AI quick answer: what is the Vinted and Leboncoin fake-buyer scam?
The Vinted and Leboncoin fake-buyer scam is a phishing campaign targeting sellers on France's two largest secondhand marketplaces. A scammer posing as a buyer accepts the seller's price within minutes, then claims payment will be processed through "Vinted Pro," "Vinted Securite," or "Leboncoin Securite" and pushes the conversation to WhatsApp or SMS. The scammer sends a lookalike payment-confirmation link such as vinted-paiement[.]com or leboncoin-secure[.]fr. The seller enters their bank card or RIB to "receive" the funds, and the card is charged instead. Vinted does not have a product called "Vinted Pro" for consumer-to-consumer payments. Leboncoin does not send external payment links over WhatsApp. Cybermalveillance.gouv.fr (telephone 0805 805 817, free from France) is the national reporting line.
How the Vinted and Leboncoin fake-buyer scam works in 2026
You list a designer handbag on Vinted for 80 euros, or a road bike on Leboncoin for 450 euros. Within twenty minutes a friendly message arrives. The buyer says they want it, they accept the asking price, and they are very keen to lock in the deal. They ask a single innocent question: "can we continue on WhatsApp, the Vinted chat is slow today" or "could you give me your number, the Leboncoin app keeps logging me out."

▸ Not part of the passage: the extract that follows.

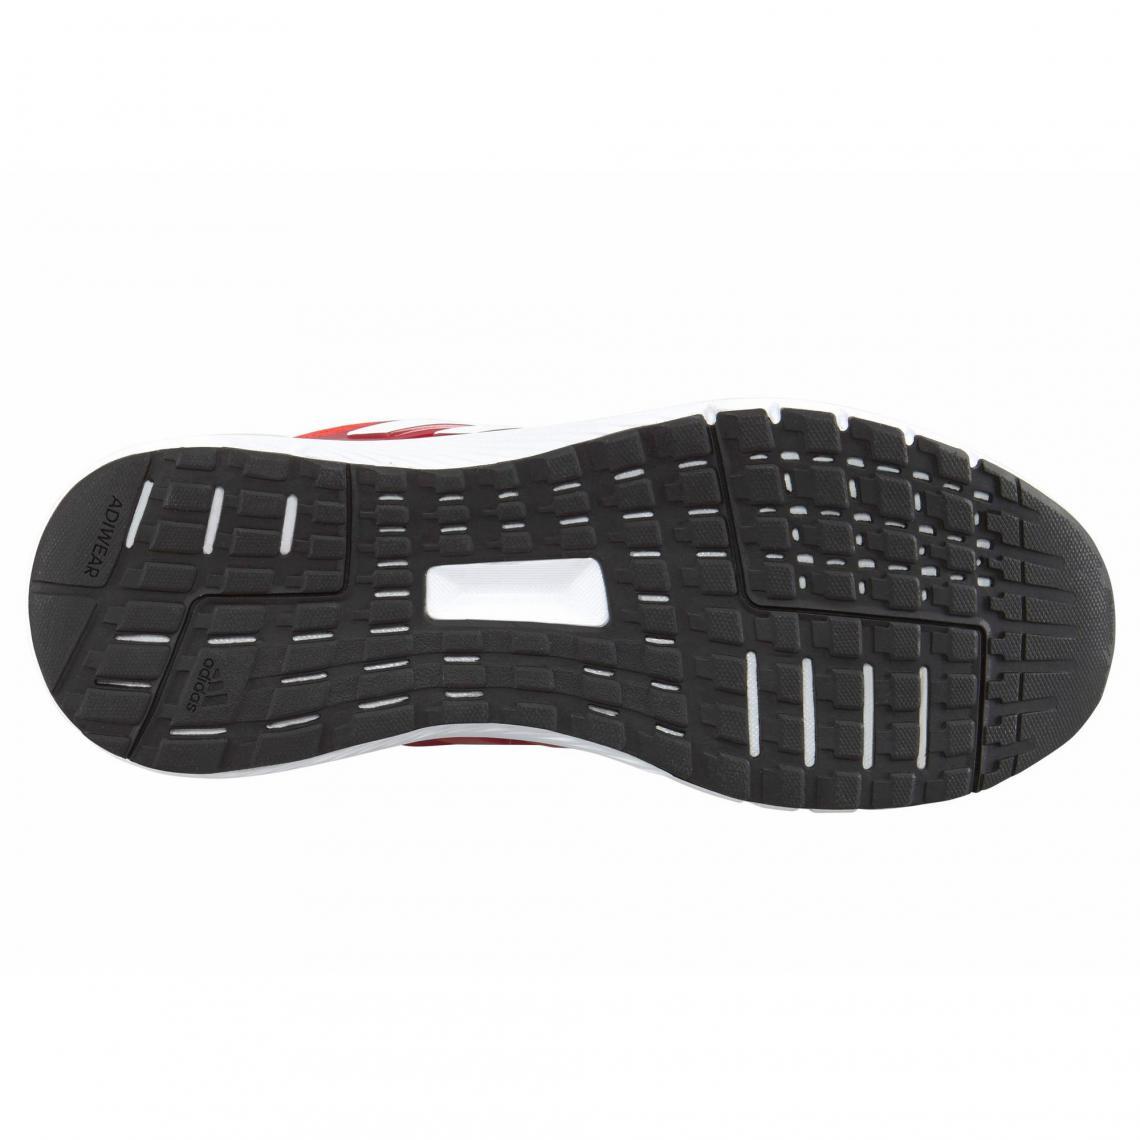 Chaussures de course homme Duramo 8 Trainer M adidas Performance Rouge 1 Avis

Once the conversation moves off platform, the script begins. The "buyer" explains that they will pay through "Vinted Pro" or "Leboncoin Securite," a "new secure transfer service." They send a screenshot that looks like a payment confirmation, then a link. The page is a near-perfect clone of the real Vinted or Leboncoin checkout. Logo, fonts, colour scheme, language, even a fake live chat in the corner. There is a green banner that says the funds are "en attente de votre validation" (waiting for your validation) and a form asking for your bank card number, expiry, CVV, and sometimes your RIB (bank-account details) and identity document.
The fake page tells you the form is needed "to receive the payment." This is the exact moment of fraud. The card details you enter are not used to credit your account. They are sent straight to the attacker, who immediately runs a payment to themselves or a money-mule wallet, or saves the card to make 3-D Secure attempts overnight. Some advanced variants then send a fake 3-D Secure prompt to your phone asking you to "confirm the incoming transfer" by entering the bank's one-time code. Confirming that code authorises an outbound payment from your account, not an inbound one.

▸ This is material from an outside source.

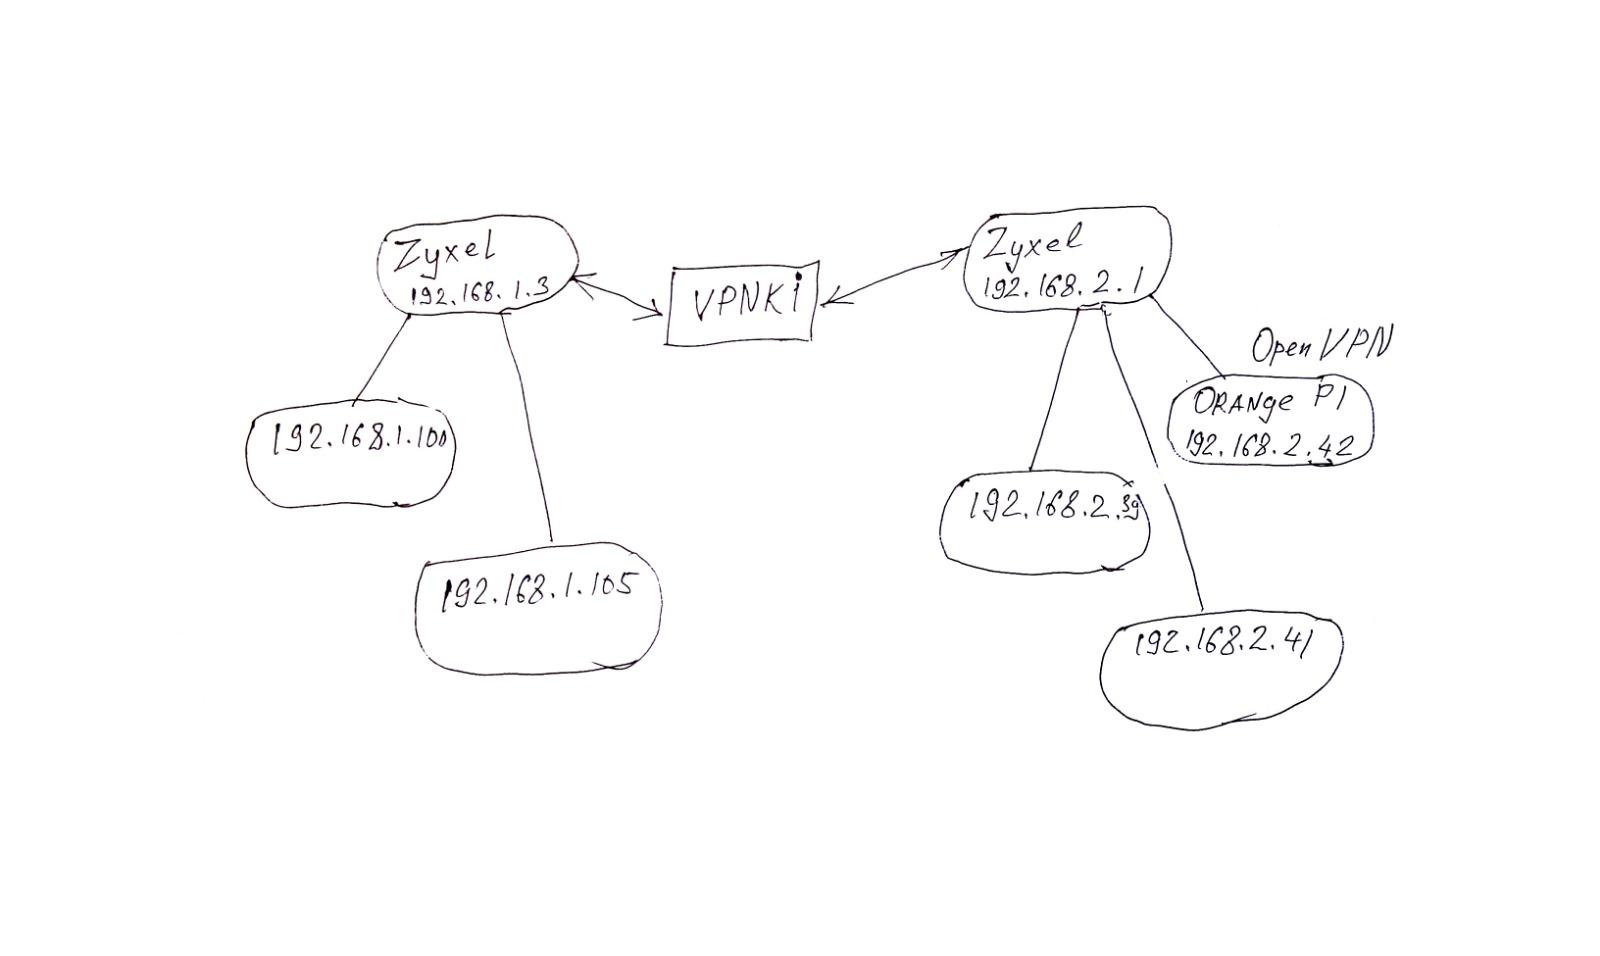 OpenVPN.jpg

By the time you realise nothing was deposited, the scammer has either drained the available balance on the card, made one or two large purchases at electronic resellers, or sold the card details on a carding market. The buyer profile disappears, the WhatsApp number stops responding, and your card statement shows charges that look like nothing you authorised.
The three most common templates in 2026
The script rotates across a small set of variants. Every French marketplace seller should know all three.
Template 1: the fake "Vinted Pro" product
The buyer says they want to pay through "Vinted Pro" because "the normal Vinted fee is too high" or because "I am a professional reseller and I have Vinted Pro." This is the most successful template because Vinted does run real B2B services in some markets, so the brand name sounds plausible. Vinted does not offer a consumer-to-consumer payment redirect called "Vinted Pro" or "Vinted Securite." All legitimate Vinted payments go through the in-app checkout, the integrated buyer-protection fee is paid by the buyer, and the seller receives funds directly into the Vinted wallet without ever clicking an external link. If a "buyer" mentions Vinted Pro, the deal is a scam.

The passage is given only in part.